Зеленые ветки сосны мягко покалывали лицо и руки. Он сел, спустил ноги, и перед глазами возникли сцены молодой его жизни.
…Мать – тихая с детьми и бойкая в работе. С какой силой месила она тесто для пельменей, как ловко управлялась с поддоном, на который накладывала пироги и шаньги! Все у нее в руках кипело. А перед сном приговаривала: «Любый мой, малый, расти, не ленись, слухай отца, а особливо графа и барона…»
И запевала что-то печальное:
Ой ты, Настя, девка красна,Не рони слезы напрасно,Слезы ронишь – глаза портишь,Мила дружка отворотишь.Отворотится – забудет,Ину девицу полюбит.Андрею чудилось в тех словах что-то тайное. Уж не из-за отца ли она проливала слезы? Никифор Степанович был суров – вон как эти ели; строг, как поп, а от сына требовал исполнения законов старообрядческой церкви. Не дай бог перекреститься тремя перстами, нарушить обычай. Читал книгу Аввакума, по ней пытался учить и сына, а того тянуло к чему-то иному. Лучше молиться, глядя на материну иконку, чем на суровый лик Спасителя у отца. У матери Пелагеи Ивановны линии на образе гибкие, мягкие, и взор у Спасителя ласковый.
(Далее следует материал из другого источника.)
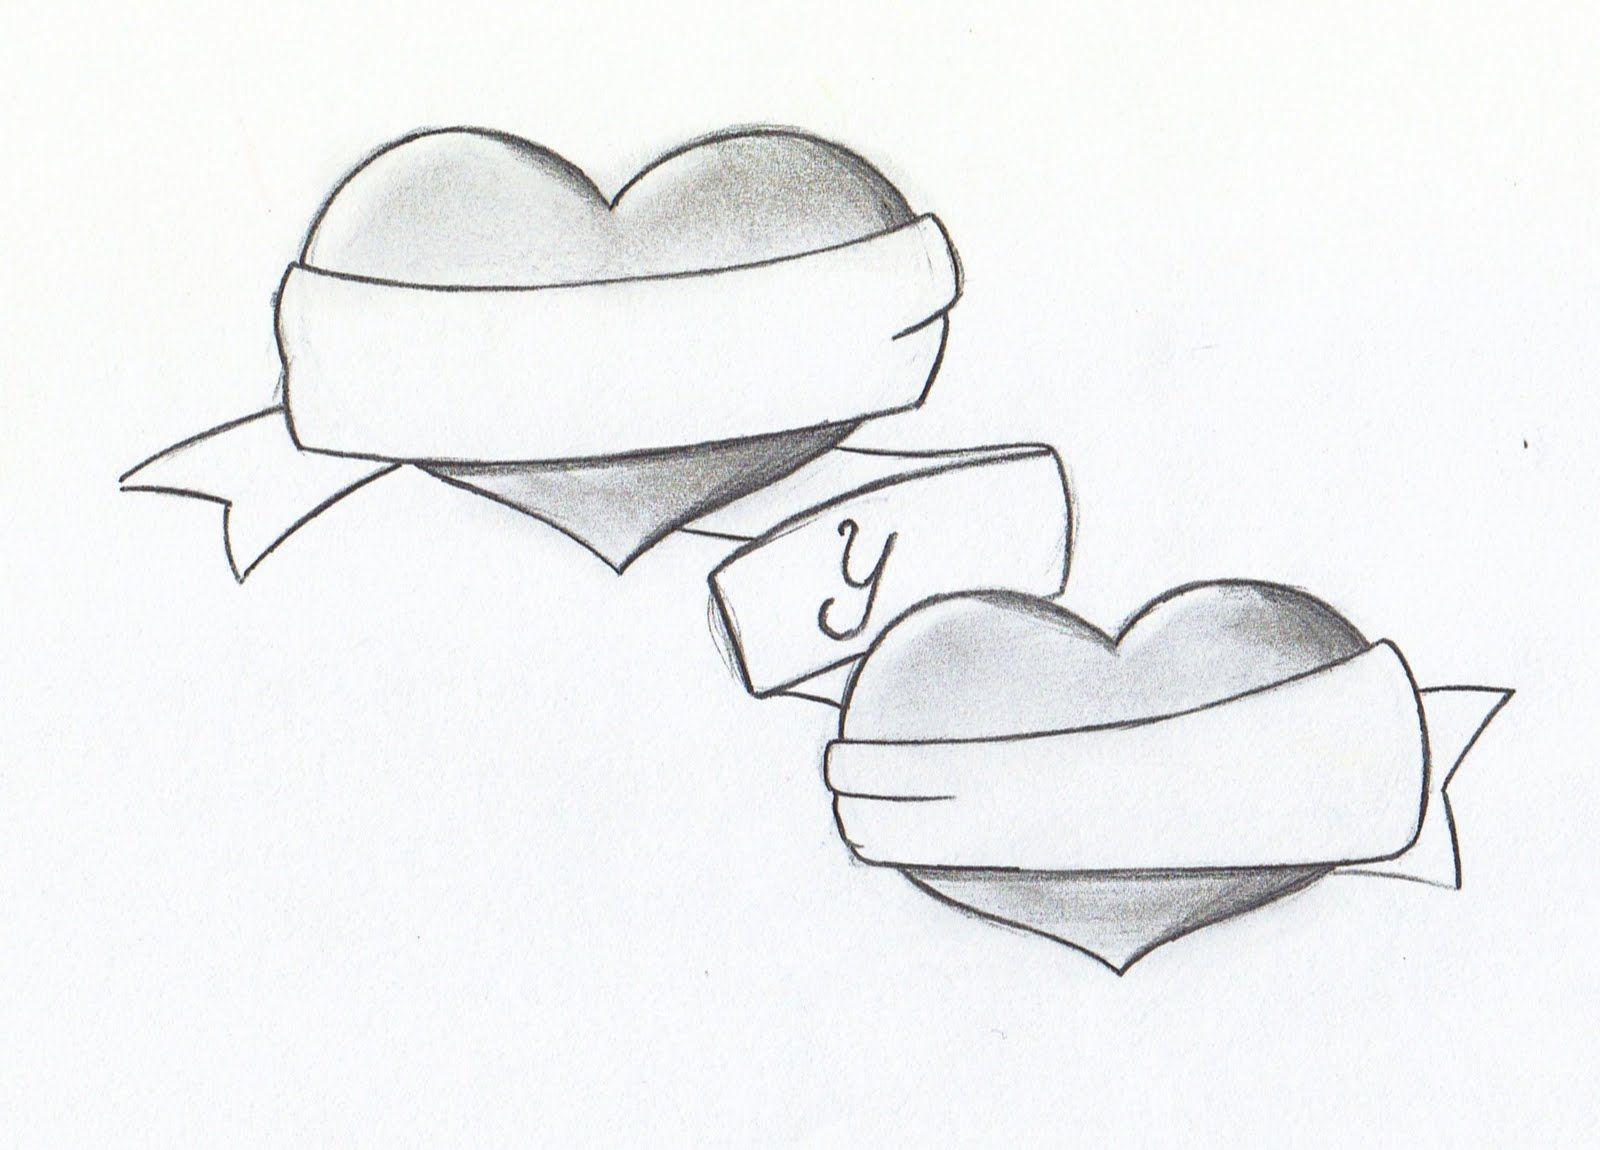 Dibujos Para Amor Wallpaper Gratis 5 Hd Wallpapers Con Imagenes
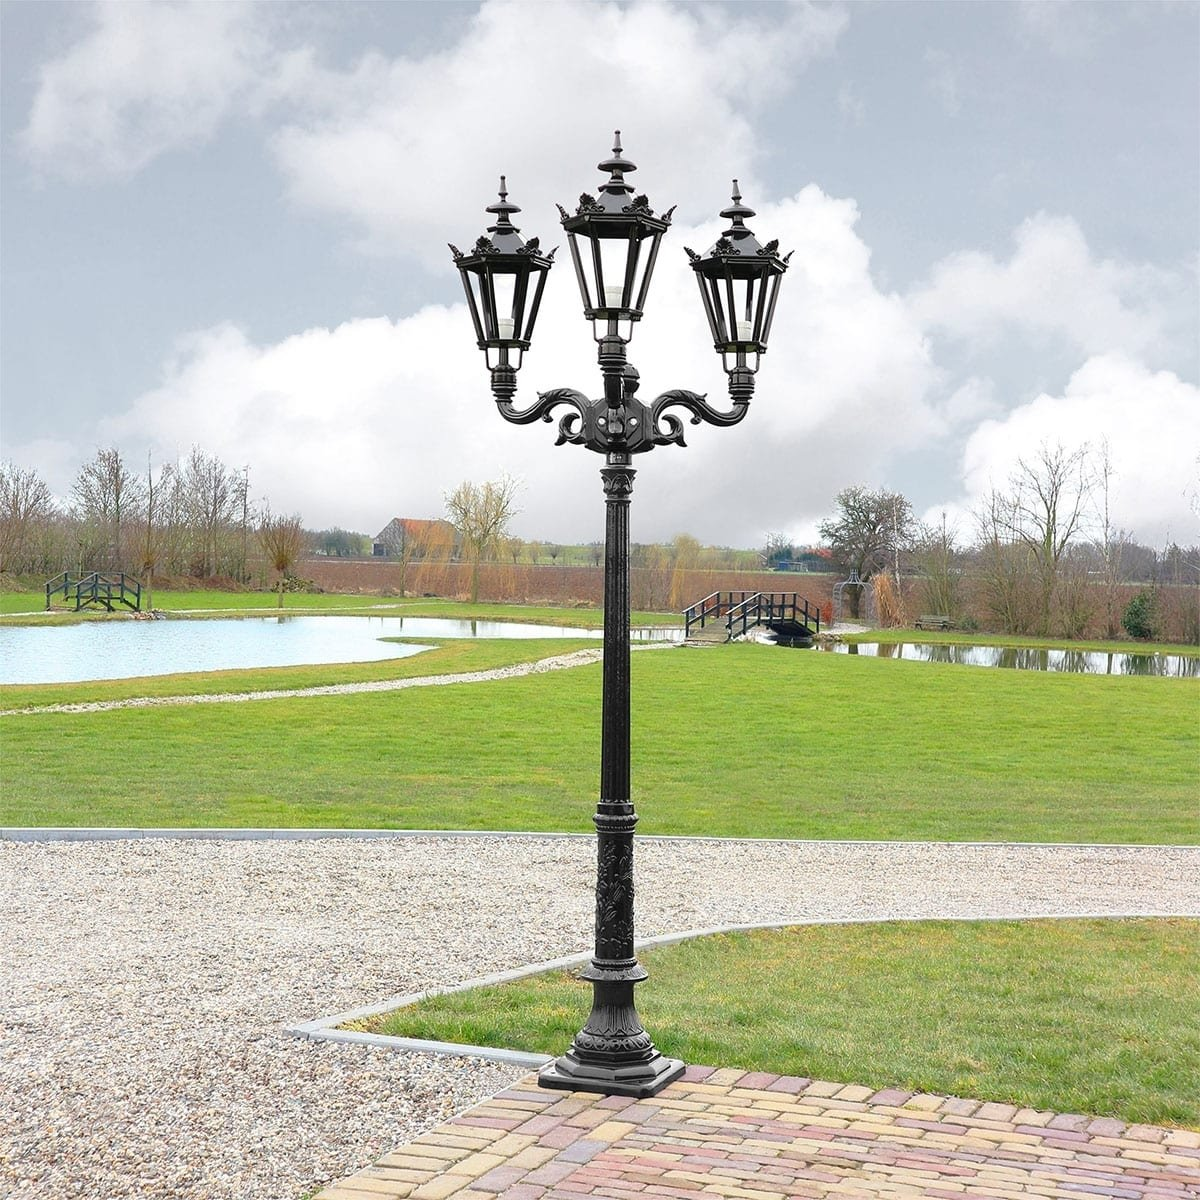 Outdoor Lighting Classic Rural Crown Lantern Eyserheide 3-lamps - 253 cmOutdoor Lighting Classic Rural Crown Lantern Eyserheide 3-lamps - 253 cm

Женщины в Усолье «писали» по строгановскому образцу, а сами были ласковые, терпеливые. Даже когда управляющий входил с гиком, молчали, лишнего слова – ни-ни. Управляющие кричали, чтобы анбары были закрыты, чтобы утром, до пяти часов, являлись людишки на соляные работы, чтобы караульные крепко надзирали, а без письменного указу никому не сметь выходить. В Соли Камской, в Соли Илецкой, в самой Перми и Сольвычегодске – повсюду рыскали караульные, проверяли…
А ему, Андрею, только бы глядеть на мир, только бы узнавать всякие секреты да тайны – он готов и на край света отправиться: почему одни молятся так, а другие этак? отчего не жалуют его староверы? почему строгановские иконы не похожи на другие?
От барона Григория Строганова слыхал, будто есть книга с названием «О скудости и богатстве», а еще – «Наставления сыну». Оттуда Андрей выучил три правила: «Будь добросердечен», «Будь эконом, но не скуп», «Не допускай до себя худых привычек».
А знаменитый Татищев, которого тут боялись и Демидовы, и Строгановы, наказывал: «Учитель должен читать ученикам гласно и внятно, чтоб всякий мог слышать и разуметь». Всякому ученику Татищев велел хоть час в день заниматься тем делом, которому будет служить.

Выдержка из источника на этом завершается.